I take an abiding pleasure in knowing that Joy Harjo is the poet laureate of the United States. After all, Harjo—a member of the Muscogee (Creek) Nation and the first Native American to be so honored—speaks for an America I recognize: one cognizant of its fraught and difficult history but aspiring toward the possibility of a common, or at least shared, set of identities. “I grow tired of the heartache,” she acknowledges in “The Fight,” “Of every small and large war / Passed from generation / To generation. / But it is not in me to give up.” She is, in other words, the absolute right poet laureate for this disunited nation, a writer who, in the midst of our despair and dislocation, reminds us of “the better angels of our nature,” to borrow a phrase from Abraham Lincoln’s first inaugural address.
“The Fight” is one of 57 poems in An American Sunrise, although to call Harjo’s new book a collection is to miss the point.
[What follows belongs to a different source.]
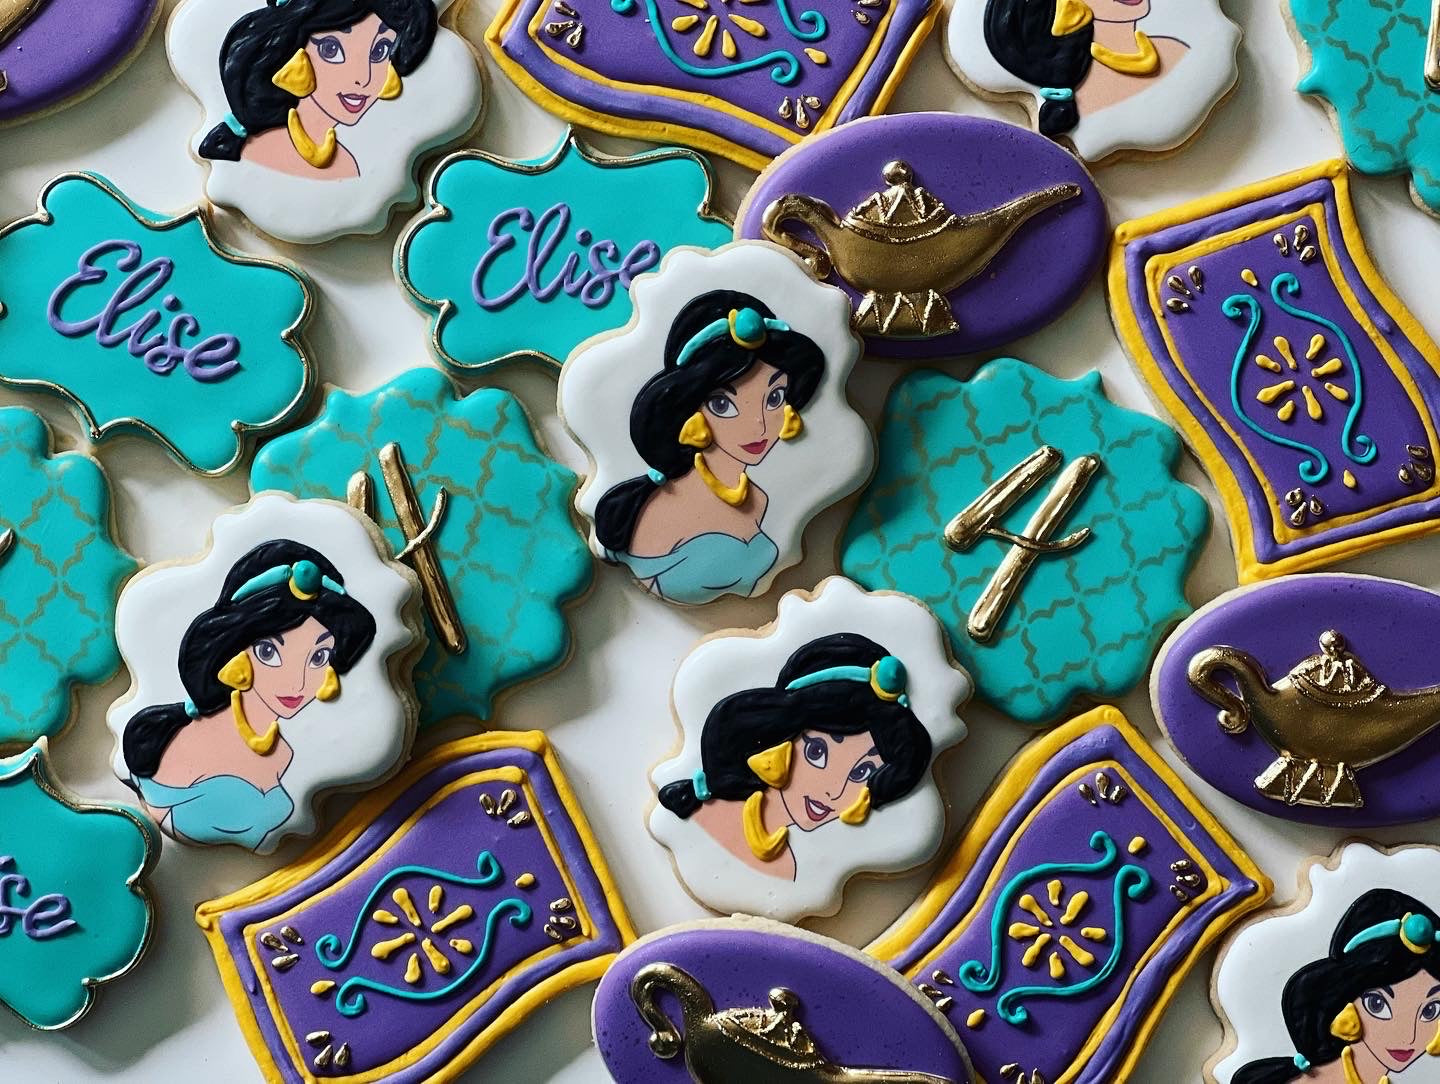 Princess Jasmine and Aladdin cake
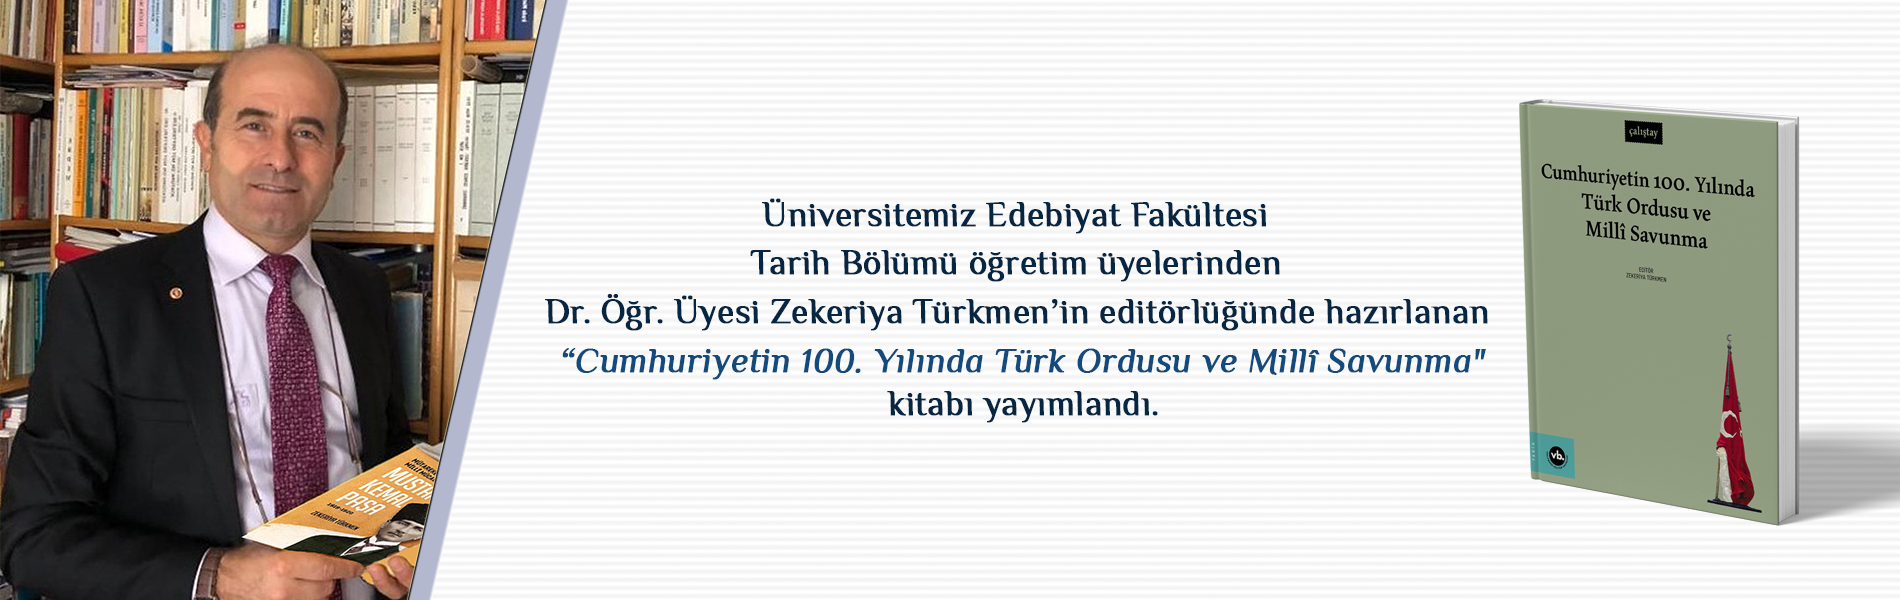 Dr. Öğr. Üyesi Zekeriya Türkmen’in Editörlüğünde Hazırlanan “Cumhuriyetin 100. Yılında Türk Ordusu ve Millî Savunma” Kitabı Yayımlandı

Rather, the movements are those of a suite, a narrative, in which diffuse elements add up to a larger whole. Harjo achieves this by developing these poems around the Trail of Tears, the forced relocation of her ancestors from Alabama to the territory that would later become Oklahoma. “There were many trails of tears of tribal nations all over North America,” she writes in a brief preface, “of indigenous peoples who were forcibly removed from their homelands by government forces.” The parallels to the present are impossible to ignore.
Harjo, however, is too smart, and too much of an artist—the two go hand in hand—to render her poetics so didactically; she has more encompassing concerns. Indeed, An American Sunrise spans nearly two centuries, from the poet’s great-grandfather Monahwee, who was relocated in 1836, to Harjo herself. “You can’t begin just anywhere. It’s a wreck,” she opens “How to Write a Poem in a Time of War.” What she’s addressing is context, continuity, a sense of lineage, which is all the more essential when it’s been disrupted, when we have not only to excavate our stories but also to re-create them, to imagine that history back into being.
To facilitate such movements, Harjo incorporates writing by her daughter Rainy Dawn Ortiz and also by Emily Dickinson; she appropriates and adapts historical accounts. She writes ekphrastic poems about the paintings of T.C. Cannon, a Cherokee artist who died in 1978 at age 31. At the same time, she is at her most affecting when she writes out of her heart.
Nowhere does this emerge more vividly than in the long poem “Washing My Mother’s Body,” which begins: “I never got to wash my mother’s body when she died. / I return to take care of her in memory.” There they are, the threads of narrative, of loss and longing and commitment, brought together in a pair of lines. Eventually the poem bleeds, almost unnoticeably, into the untitled piece that follows. It is thrilling, the blurring of these texts.
“I emerged from the story, dripping with the waters of memory,” Harjo tells us. And in that moment, we understand exactly what she means.